Just to avoid confusion further down (@Goutte understood me correctly): I was referring to golang.org/x/text/message with the golang.org/x/text/cmd/gotext CLI utility to extract text

golang.org/x/text does support both pluralization and changing variable order. Actually it has one of the nicest implementations for this where the developer basically does not need to think about it. If you have a translatable string like this:

printer.Sprintf("%s copied %d files to %s", user, count, dest)

There will be a translation string like "{User} copied {Count} files to {Dest}". The translator can reorder the placeholders however they see fit and it will be used correctly.

It is limited to the JSON format though, and it also has this a bit convoluted concept with separate out.gotext.json and messages.gotext.json. But a tool like Weblate can actually deal with both those issues.

If you want to go the gettext route have a look at https://github.com/leonelquinteros/gotext . This is also a gettext implementation. Pure go, so no actual dependency on gettext libraries. It also provides an extraction tool github.com/leonelquinteros/gotext/cli/xgotext .

I haven't used it yet, but it looks nice. What originally discouraged me from using it was that it does not directly provide the option to load the translation files from go:embed.

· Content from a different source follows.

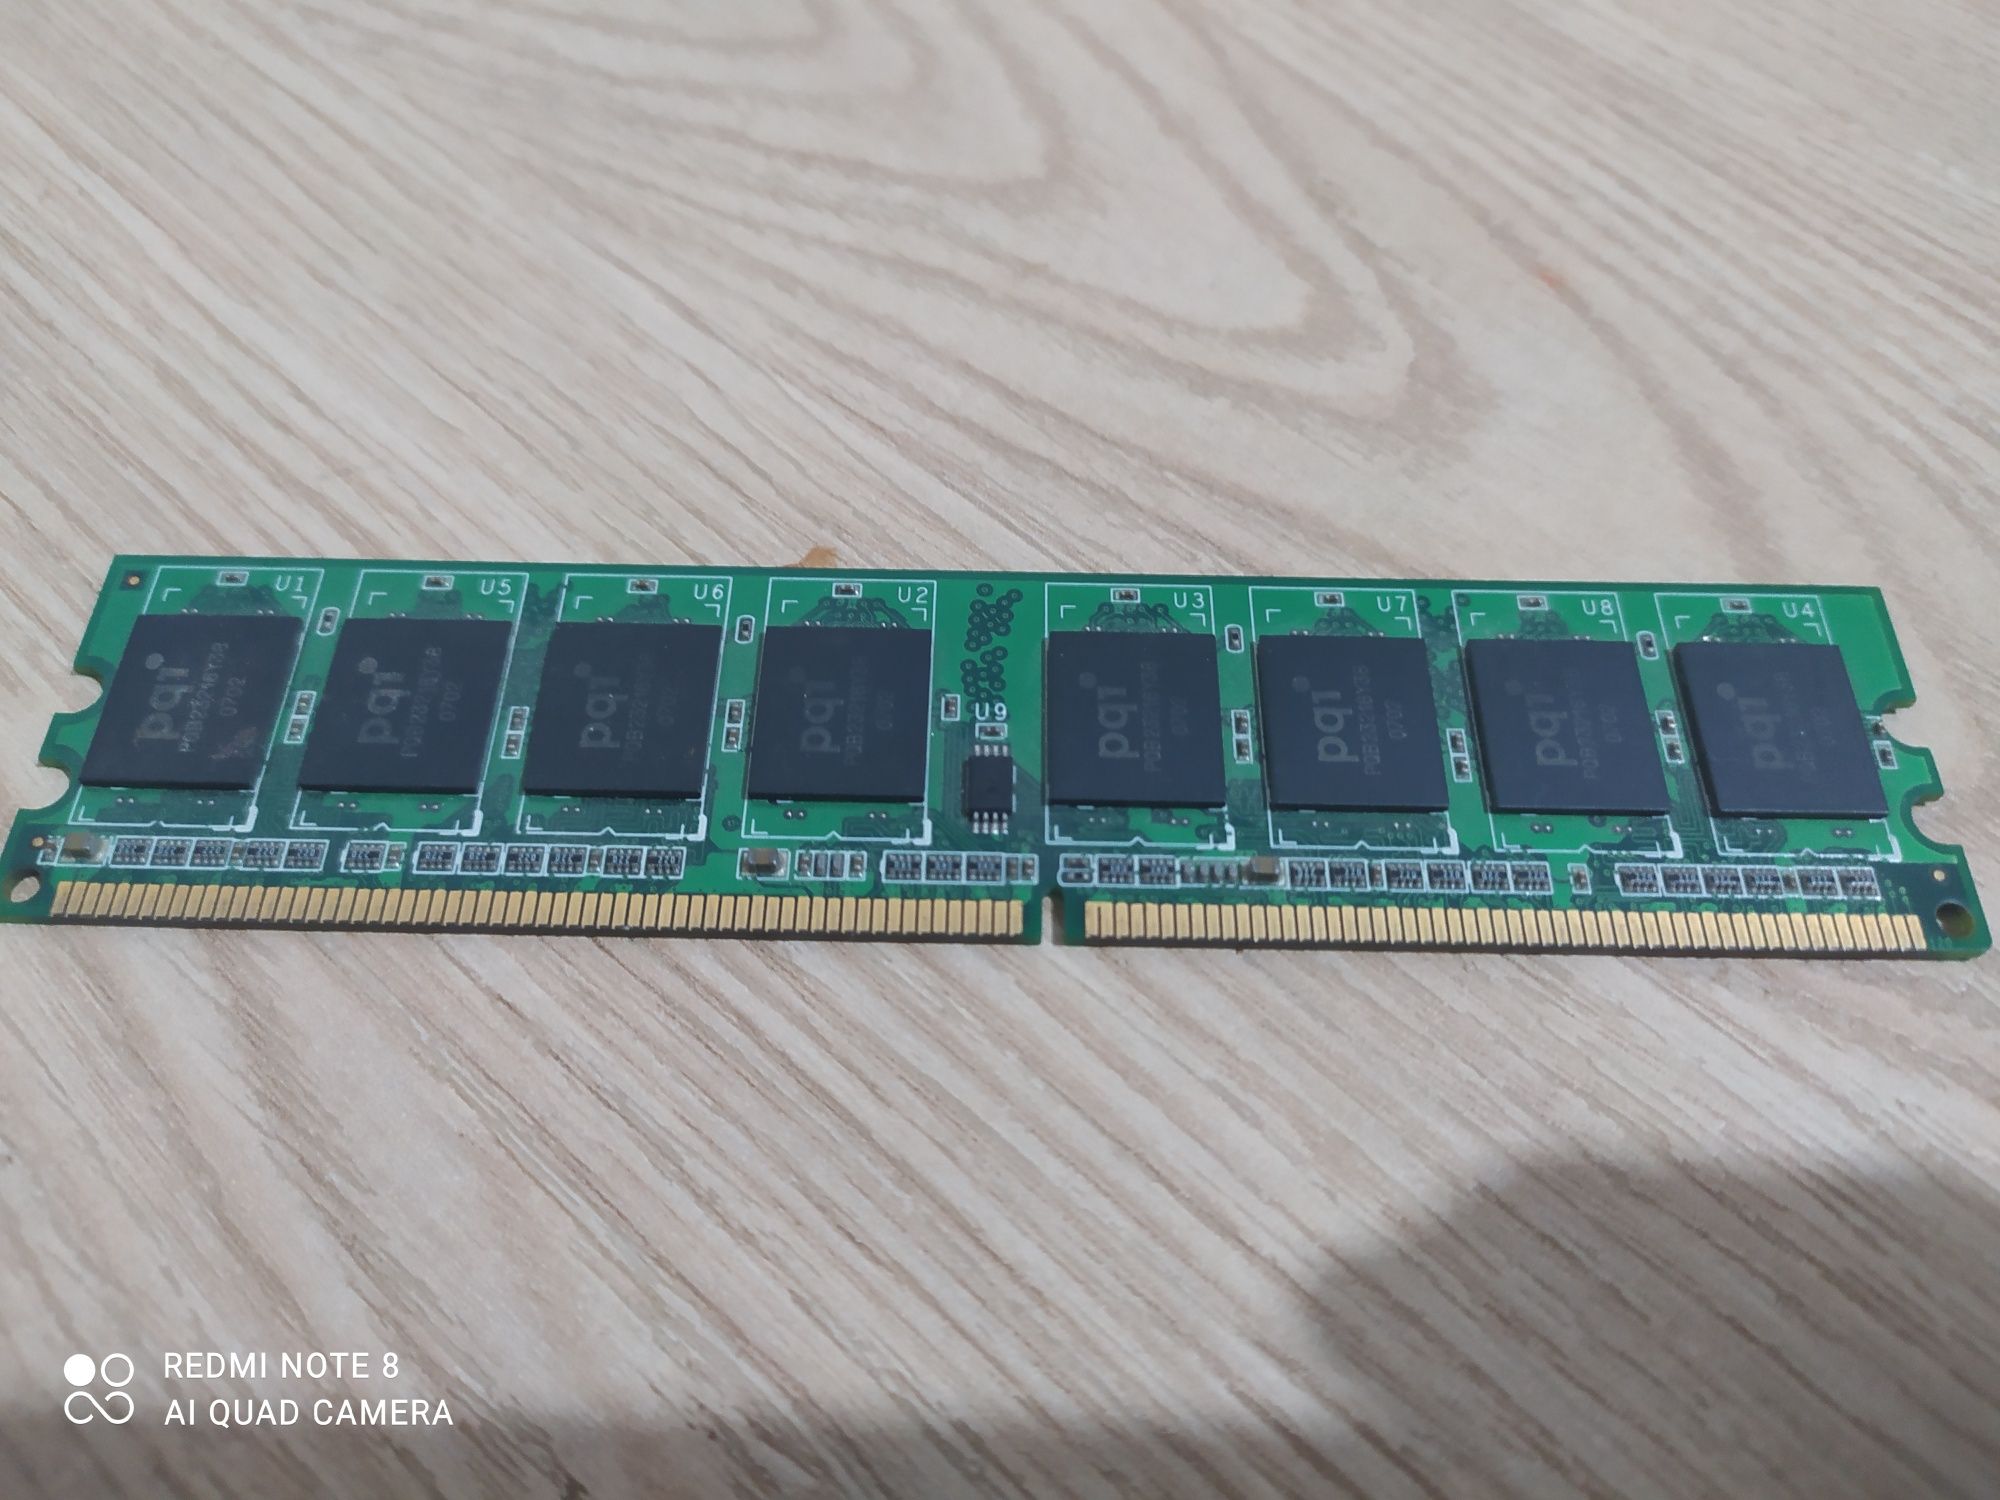 ОЗУ для компьютеров DDR2 за 2000тг/шт. обший 4шт.

But according to the discussion at https://github.com/leonelquinteros/gotext/issues/52 the library's API is flexible enough to allow this.

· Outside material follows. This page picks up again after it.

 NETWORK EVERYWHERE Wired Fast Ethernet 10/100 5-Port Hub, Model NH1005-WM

With gettext you definitely get the best tooling for translators.

What I really dislike about github.com/nicksnyder/go-i18n is the verbosity it requires for each translatable string without the ability to add an abstraction over this that fits your application (at least not without breaking string extraction, which I consider mandatory to have).

phw commented 9 months ago

3. There's a (quite new) go-i18n lib that promises to do just this, but it does not look like it is finished yet.

Just saw that this is actually using github.com/leonelquinteros/gotext, but adds the ability to embed the translation files on top.

Goutte commented 9 months ago

Thanks @phw for the clarifications !

I think you're right, it's worth implementing this your way.

I'll start another branch with the ubuntu lib, unless you want to hack around and kickstart things.


One thing I really don't understand about x/text is that it requires x/tools and in turn the net, crypto and goldmark packages. Insofar as I understand, they are used for the CLI (dev) utilities ; it feels wrong to add those to cobra just for i18n.

If I understand correctly, those are essentially removed at compile-time since nothing will link to them, but still... Does not feel right.

Goutte commented 9 months ago

Ooops.

The ubuntu lib requires Go 1.20 ; embedding requires 1.16 I believe. Cobra is 1.15 right now.

I'll try to shoot straight for https://github.com/leonelquinteros/gotext and some glue for embedded PO files.

Goutte commented 9 months ago

A few notes after hacking around with gotext :

  1. There's no way to describe a translation string to help translators, which is something nice, but not mandatory given the low amount of translations that we have. Furthermore, there are contexts in gotext that aim to solve this. Even though I find descriptors more elegant and humane, we can live with this.
  2. The xgotext CLI only detects gotext.Get(…) and not for example GetLocale.Get(…) which means we cannot lazy-load the locale, we have to initialize it before it is used anywhere, so probably in init(). I'm told usage of init() is frowned upon in Golang.
Goutte commented 9 months ago

Made a draft in #2090 @phw :rocket: